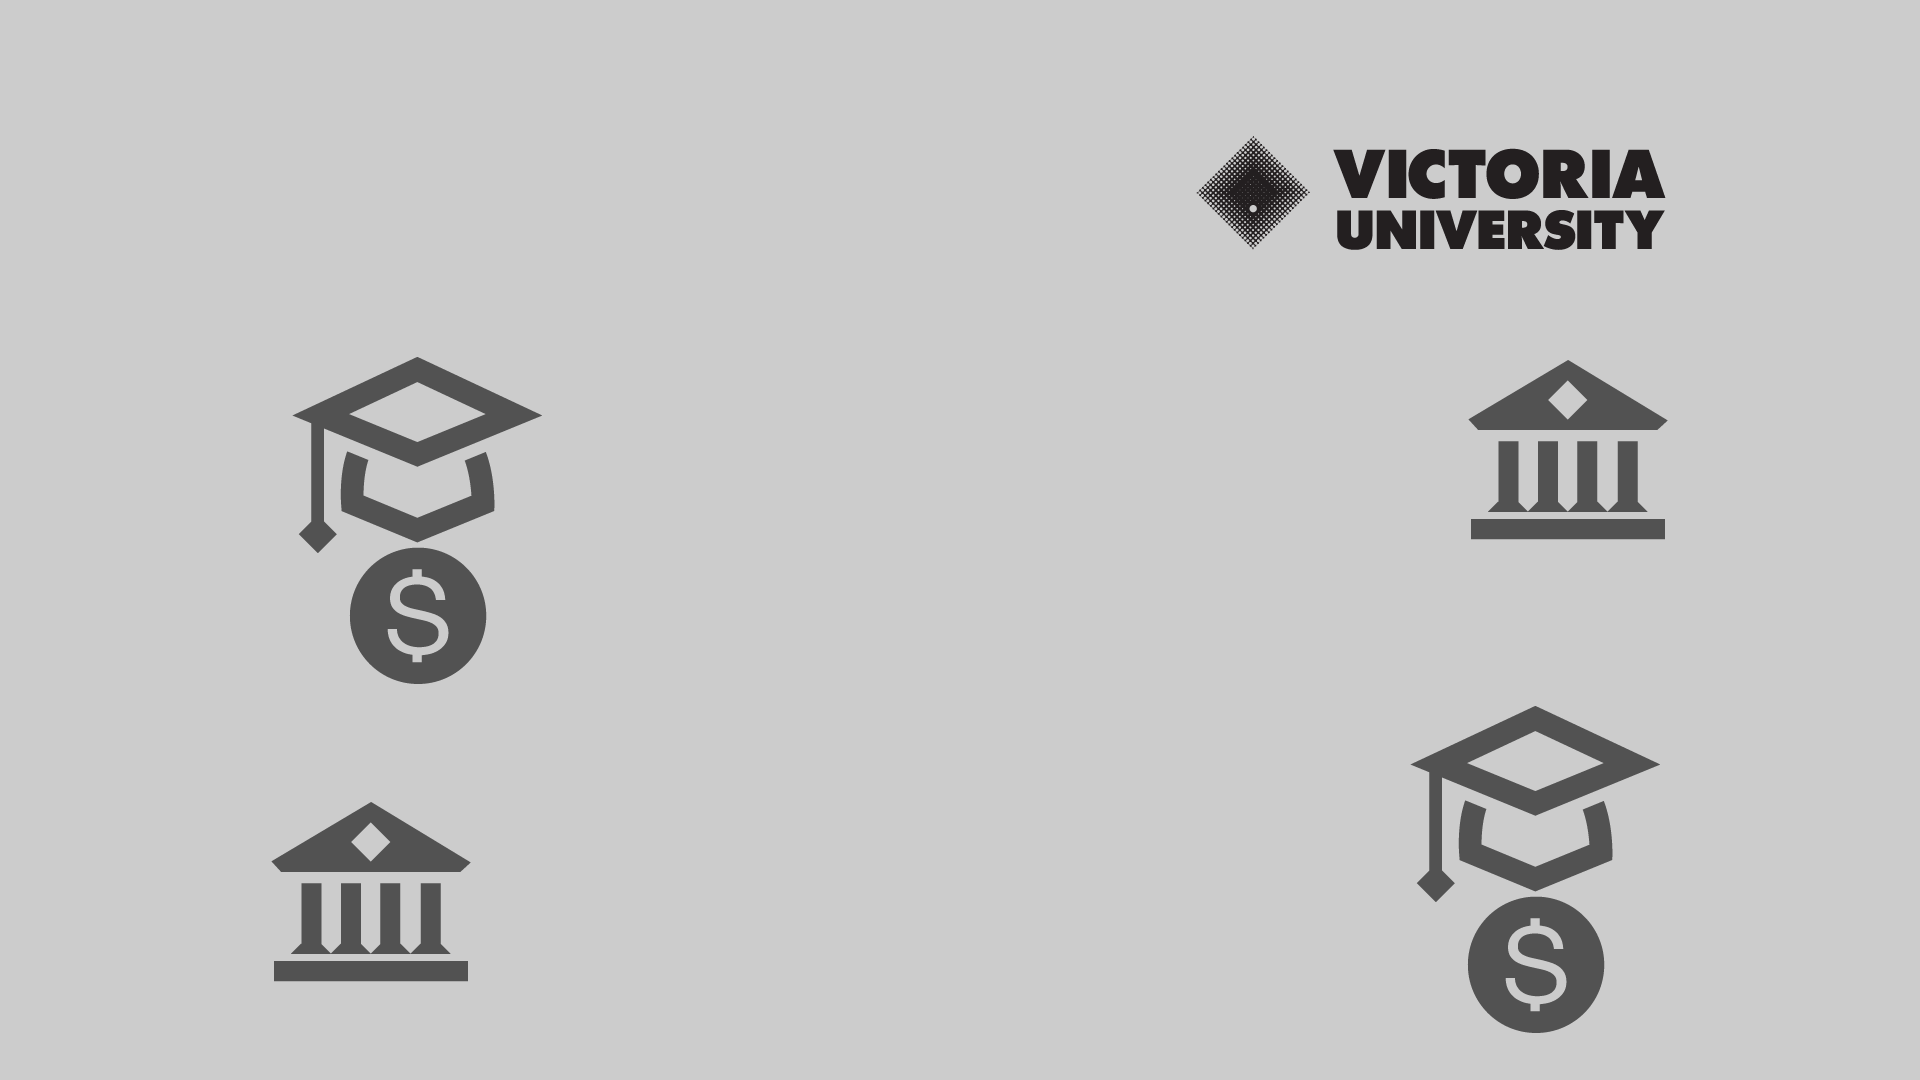 Zoom Virtual Background for VU Business School
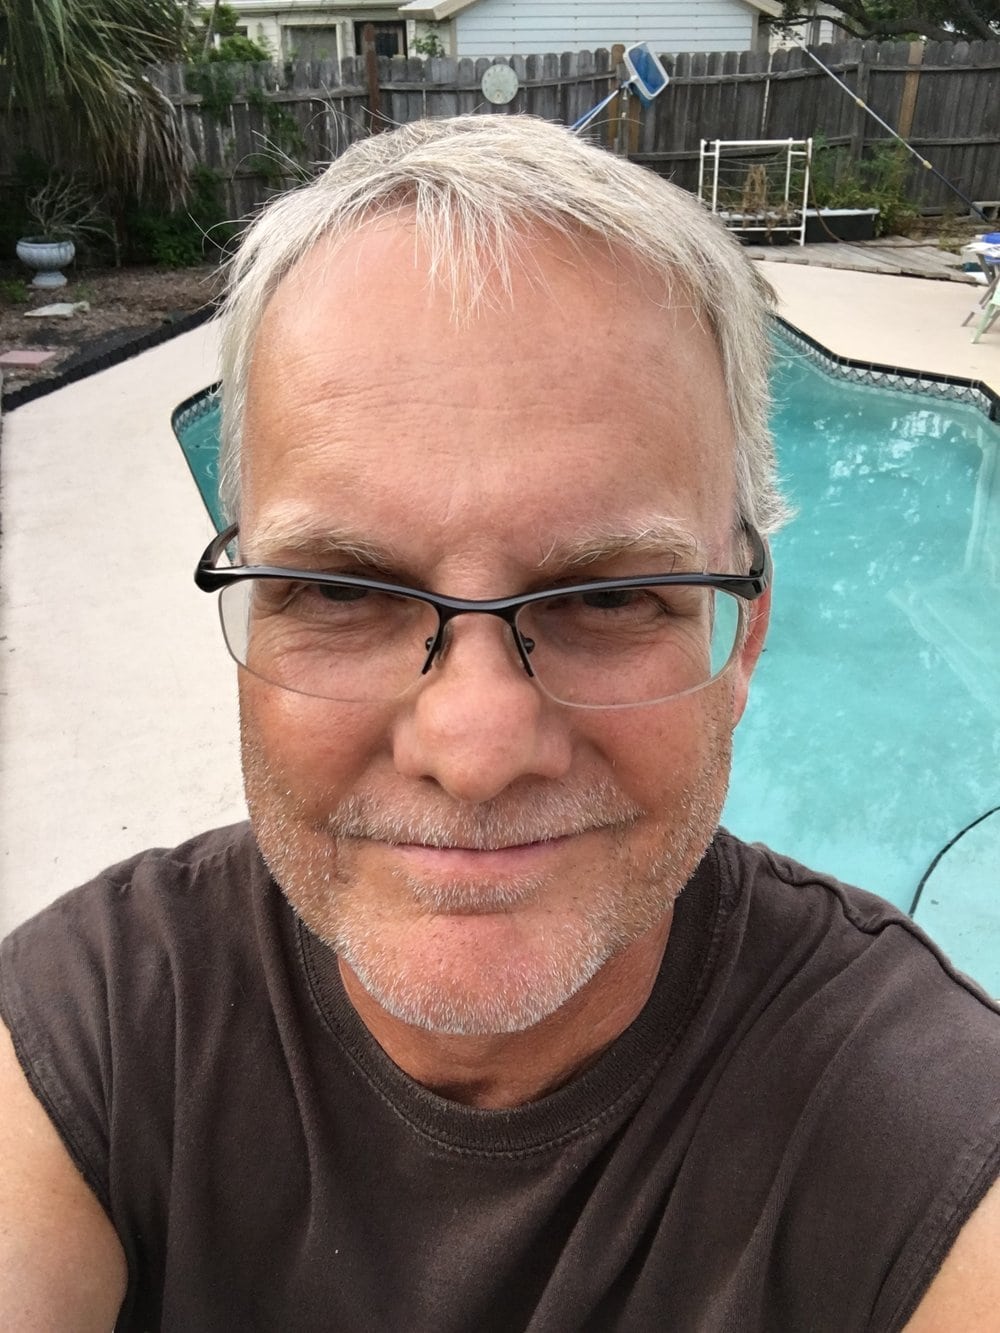 Norm with 3 day stubble, in front of swimming pool
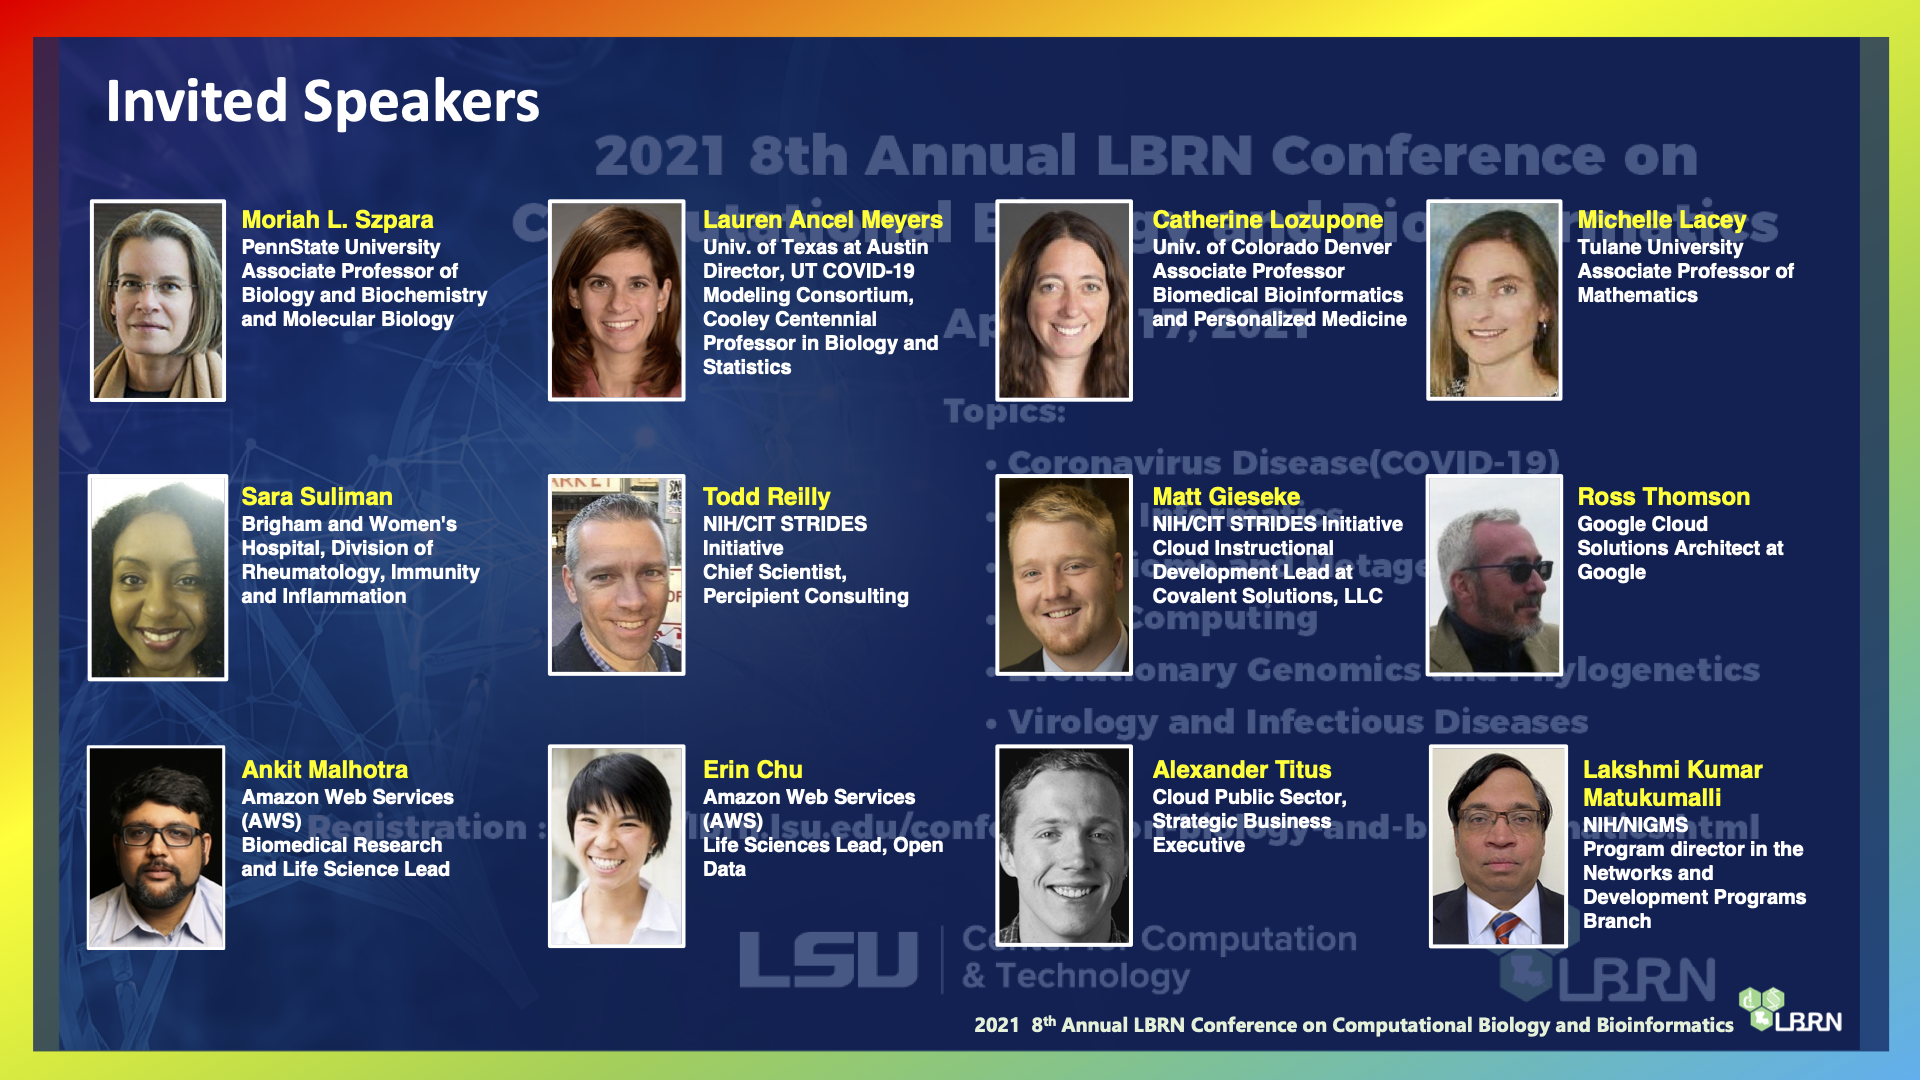 2021 8th Annual LBRN Conference on Computational Biology and Bioinformatics Flier (2021-04-08)

TASK.
Transcribe exactly the line that contains "Norm with 3" and each line after it through the end of the listing. Leave out the pictures.

ANSWER.
 Norm with 3 day stubble, in front of swimming pool
 2021 8th Annual LBRN Conference on Computational Biology and Bioinformatics Flier (2021-04-08)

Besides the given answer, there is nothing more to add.